Petition fordert "Deutschrap Untergrund"-Playlist von Spotify zurück

Für Rapper und ihre Tracks wird Streaming immer wichtiger. Einer der größten Streaminganbieter Spotify steht jetzt bei einigen Rapfans in der Kritik. Die offizielle Playlist "Deutschrap Untergrund" des Anbieters wird auf der Plattform nicht mehr angeboten und eine Petition mit bislang über 600 Unterzeichnern fordert diese nun zurück.

Bringt die offizielle Spotify "Deutschrap Untergrund"-Playliste zurück!

Das die sogenannten "Playlisten" bei führenden Musikstreaminganbietern immer wichtiger für Künstler werden zeigt sich alleine dadurch das sich das Veröffentlichungsverhalten der meisten Künstler nach ebendiesen Playlisten ausrichtet. Lieber viele Singles anstatt eines gebündelten Albums, lieber kürzere als längere Songs. So weit so gut.

Besonders die Relevanz des Streamings für Rapper und ihre Karrieren werden zum Argument in der Petition. Eine Person mit dem Usernamen Mark L., die die Petition auf avaaz.org ins Leben gerufen hat, schreibt, dass sich das Veröffentlichungsverhalten dem Streamingzeitalter immer mehr anpasst:

"Lieber viele Singles anstatt eines gebündelten Albums, lieber kürzere als längere Songs."

Weiter nennt der Autor vier Spotify-Playlisten, die seiner Meinung nach relevant sind – "Modus Mio", "Deutschrap Brandneu", "Deutschrap Royal" und "Shisha Club". Alternative Rapmusik sei nur noch auf der Playlist "Rap in Deep" zu hören.

Der Untergrund als "Rückgrat für den Rap von heute"

Der Autor begründet anschließend, warum besonders Künstler aus dem Untergrund gefördert werden müssten.

"Im Untergrund bilden sich neue Strömungen, im Untergrund gibt es die musikalisch spannenderen Veröffentlichungen, der Untergrund birgt die Stars von morgen und das Rückgrat für Rap von heute."

Diese Art des Raps würde nun auf keiner Playlist mehr abgebildet werden. Die Aussicht mit seiner eigenen Musik live zu gehen, birgt aber gerade für den Untergrund viele Chancen. Wie Spotify den Streaming-Markt verändern will, kannst du hier nachlesen: 

Chance für den Untergrund? Wie Spotify den Streaming-Markt verändern will

"Über die Playlisten kommt man schlussendlich an das richtige Geld", sagt Das Glas, schaut auf den Bildschirm und schiebt die Drums in den Takt. Das Glas ist Rapper und Produzent aus Hamburg. Noch findet er eher selten auf Spotify statt. Er könnte als Untergrund-Musiker von einem neuen Feature des schwedischen Unternehmens profitieren.

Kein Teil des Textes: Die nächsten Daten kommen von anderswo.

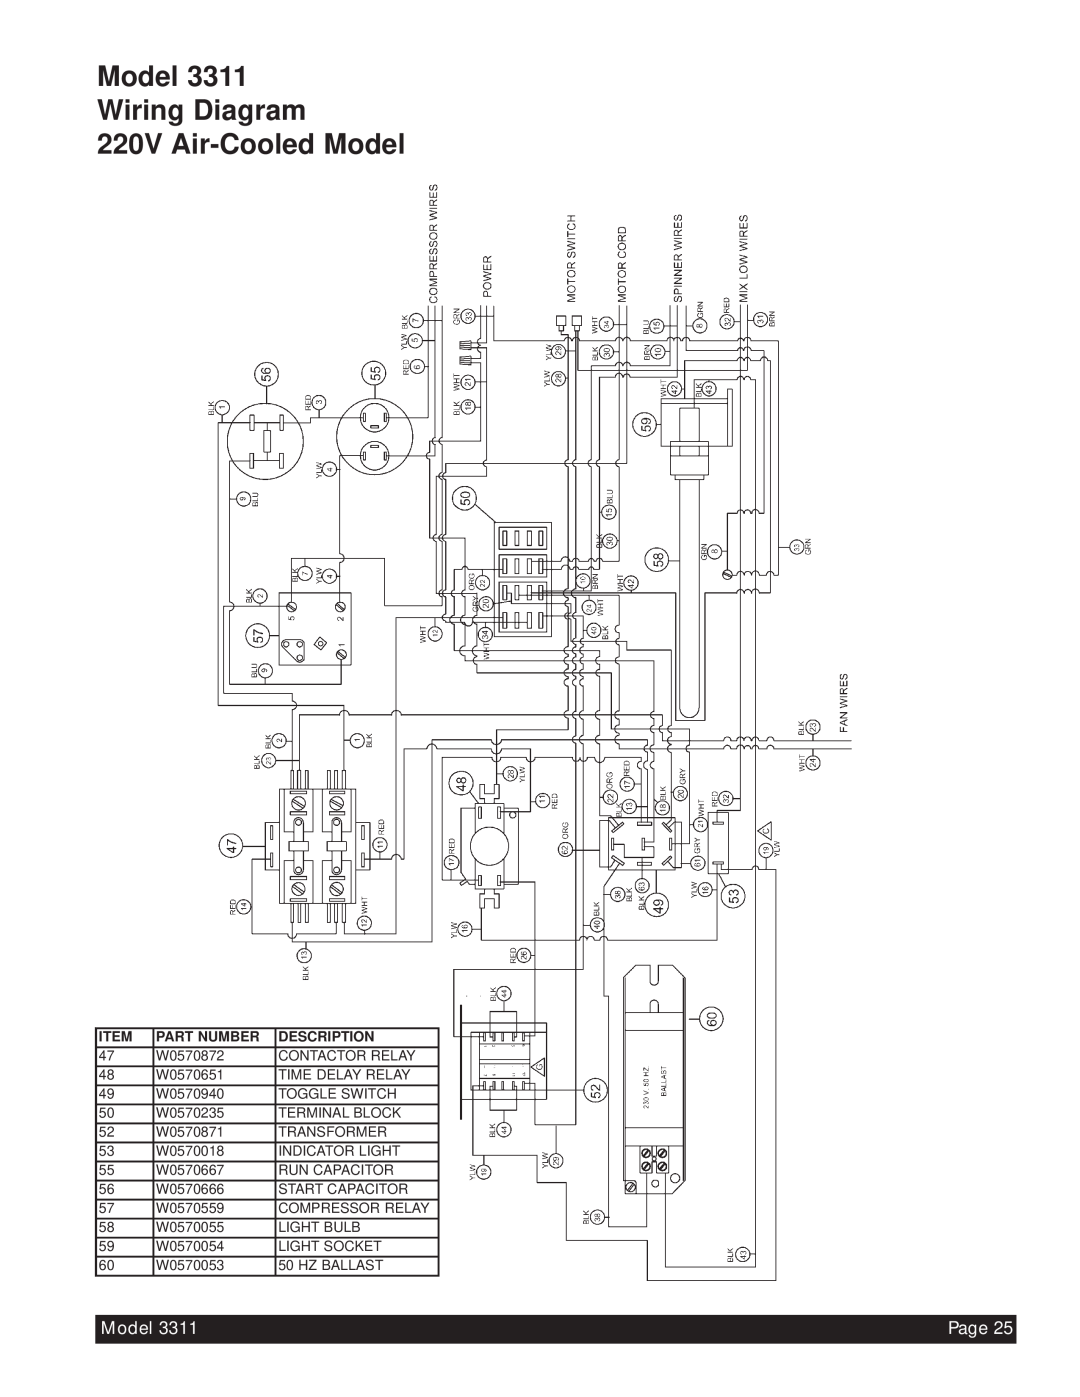 Beverage-Air 3311 manual Model Wiring Diagram 220V Air-CooledModel, Page, Part Number, Description

Entfernung der Playlist ohne Begründung durch Spotify

Laut der Petition liefere Spotify auch keine Begründung für das Entfernen der Playlist. Für den Autoren ist das keine "Kleinigkeit". Die Abbildung in einer Playlist mache für neue Künstler oft den Unterschied "zwischen Existenz und Nicht-Existenz" aus.

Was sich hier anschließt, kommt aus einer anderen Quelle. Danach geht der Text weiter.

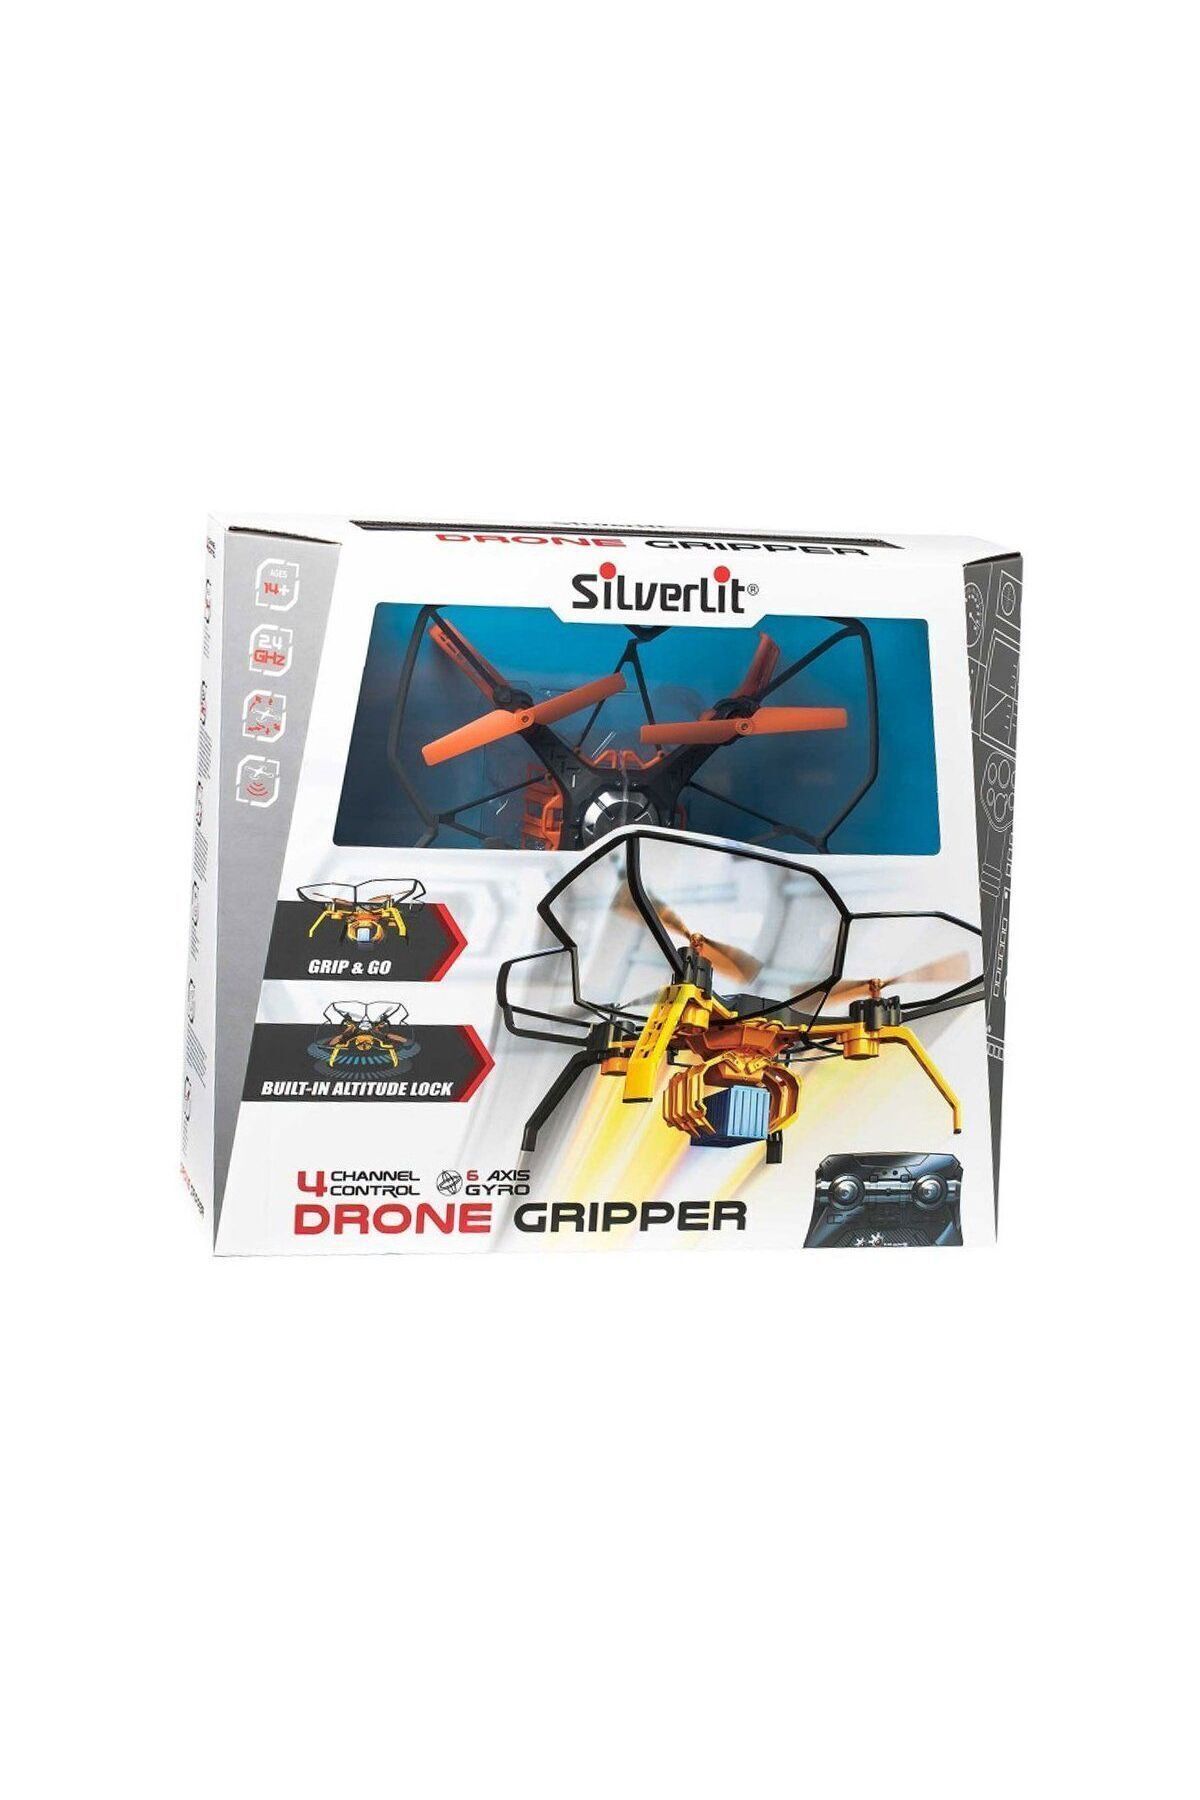 KdrElektronik Sıl/84785 Silverlit Drone Gripper 2.4g-4ch Gyro

Die Community als Alternative

Der Petition fehlen nur noch etwa 100 Unterzeichner. Das Anliegen des Autors scheint also geteilt zu werden. Jedoch gibt es auf Spotify noch einige weitere große Playlists zum Thema Deutschrap. Auch dem Untergrund haben sich einige User mit ihren eigens erstellten Playlisten dort gewidmet. 

Wer Spotify als große Community versteht und gezielt nach Playlisten sucht, die Rapmusik aus dem Untergrund abbildet, wird dort immer noch fündig. Auch wenn eine fehlende Unterstützung durch den Anbieter die schnellere Verbreitung der Playlist und damit ihrer Künstler erschweren kann. Es lässt sich aber sicher auch darüber streiten, wie sehr ein Rapper auf einer offiziellen Spotify-Playlist noch dem Untergrund zugezählt werden kann.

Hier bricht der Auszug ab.